In the years leading up to the LHC’s planned 2028 high-luminosity upgrade, which will increase the integrated luminosity by a factor of 10, the Worldwide LHC Computing Grid (WLCG) working group (tagline: “Dealing with the LHC data deluge”) has organized a series of coordinated data challenges to test the end-to-end dataset movement from its members’ storage systems as well as the speed, latency, and other performance metrics of the global networks charged with carrying LHC’s many petabytes of data. OSCARS needed to be ready by mid-February for DC24.
Starting in early 2023, ESnet’s Orchestration & Core Data group — with assistance from the Infrastructure and Networking teams — worked on integrating advanced network configuration capabilities and creating a robust continuous-integration pipeline for OSCARS, using Docker and Ansible. They also made additional performance improvements to bring OSCARS up to meet industry best practices, such as integrating Single Sign On and troubleshooting tools for faster bug fixing — while maintaining backward compatibility with OSCARS clients, preserving all historical data, and ensuring minimal service disruption.

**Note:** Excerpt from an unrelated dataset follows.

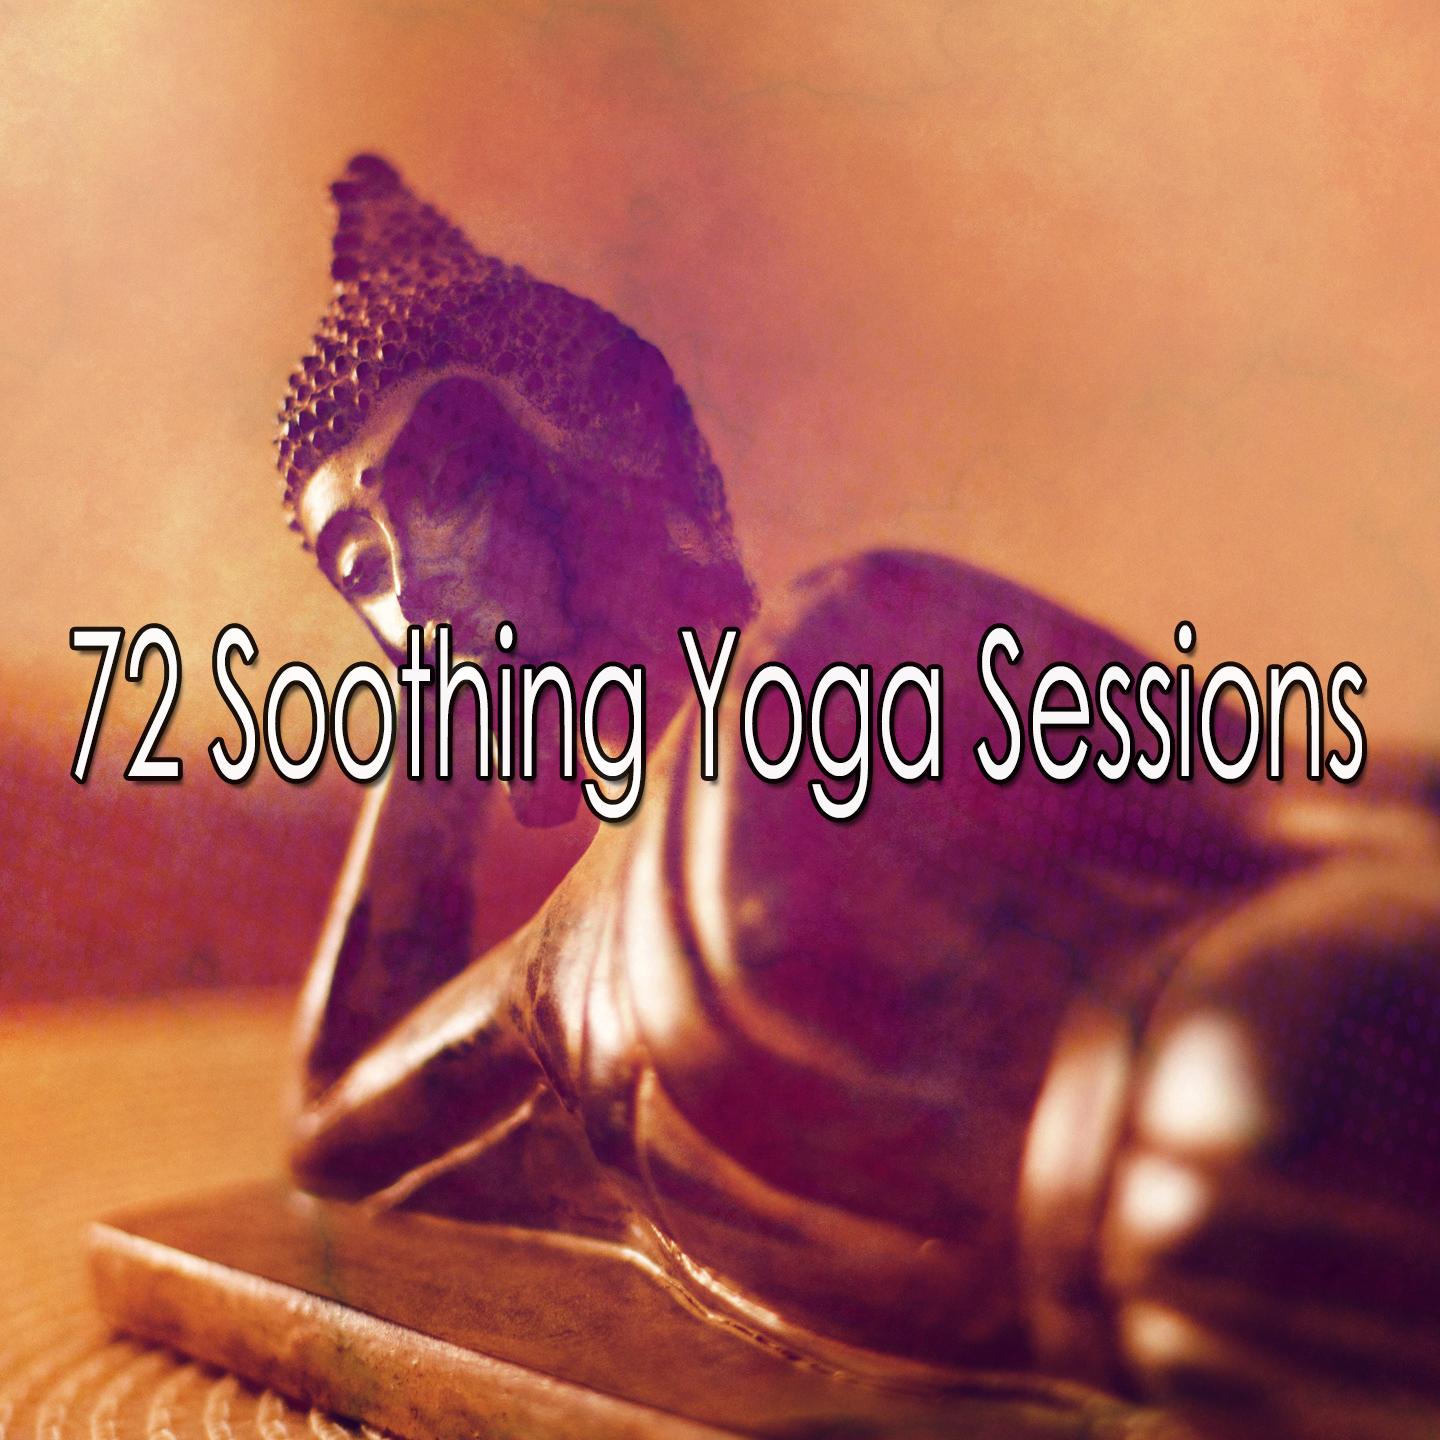 72 Soothing Yoga Sessions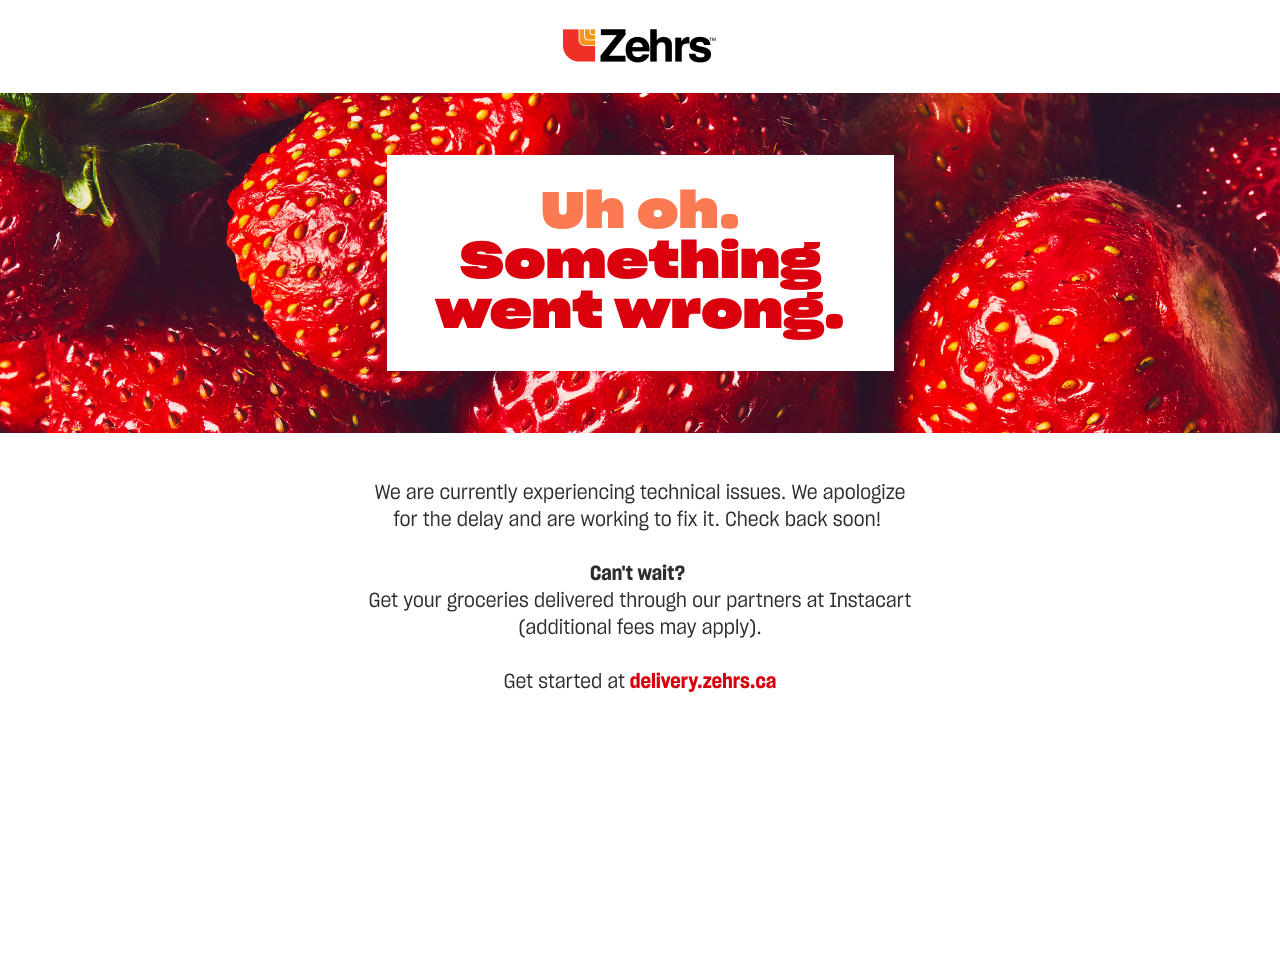 Uh oh. Something went wrong. We are currently experiencing technical issues due to an exceptional volume of traffic to our site. We apologize for the delay and are working to fix it. Looking for online grocery delivery? You can still order groceries online with our partners at Instacart. Get started at delivery.zehrs.ca . Please note that Instacart deliver fees may vary.

The ESnet OSCARS team was able to deploy OSCARS 1.1 in time for SC23, the annual high performance computing conference in mid-November, to support many leading-edge networking demonstrations by ESnet’s collaborators. The road-testing did reveal some minor issues in the new release, as well as in other components of the ESnet automation stack, but “for us, the most important lesson was that having a quick and painless application build-and-deployment process has given us the capability to fix bugs almost as soon as they emerge,” said ESnet Software Engineer Vangelis Chaniotakis.
Early bug diagnosis, rapid fix deployment
That ability will be key for this and future LHC Data Challenges. Collaborations like the LHC’s ATLAS and CMS experiments involve thousands of researchers all over the world and require complex transfers over multiple networks, each operated by a different organization. When transfers fail, it is important to be able to diagnose and recover. The ESnet OSCARS team has added capabilities for its network engineers and collaborators to perform operational troubleshooting that can help quickly locate problems and point engineers in the right direction.
And they’re not finished. OSCARS 1.2, which ESnet hopes to release in February, aims to simplify the “advance reservation system” part of the acronym and allow users to express their needs for network resources in terms of intent, expressed via a modern browser user interface rather than requiring exhaustive technical detail as is currently necessary. OSCARS 1.2 will then interpret that intent, determine the necessary technical requirements, and allocate resources. Users can modify or update their reservations if needed.
Such improvements in simplification and flexibility are vital as global research collaborations continue to grow in complexity, with workflows involving multiple facilities and requiring swift, seamless transfer of massive quantities of data.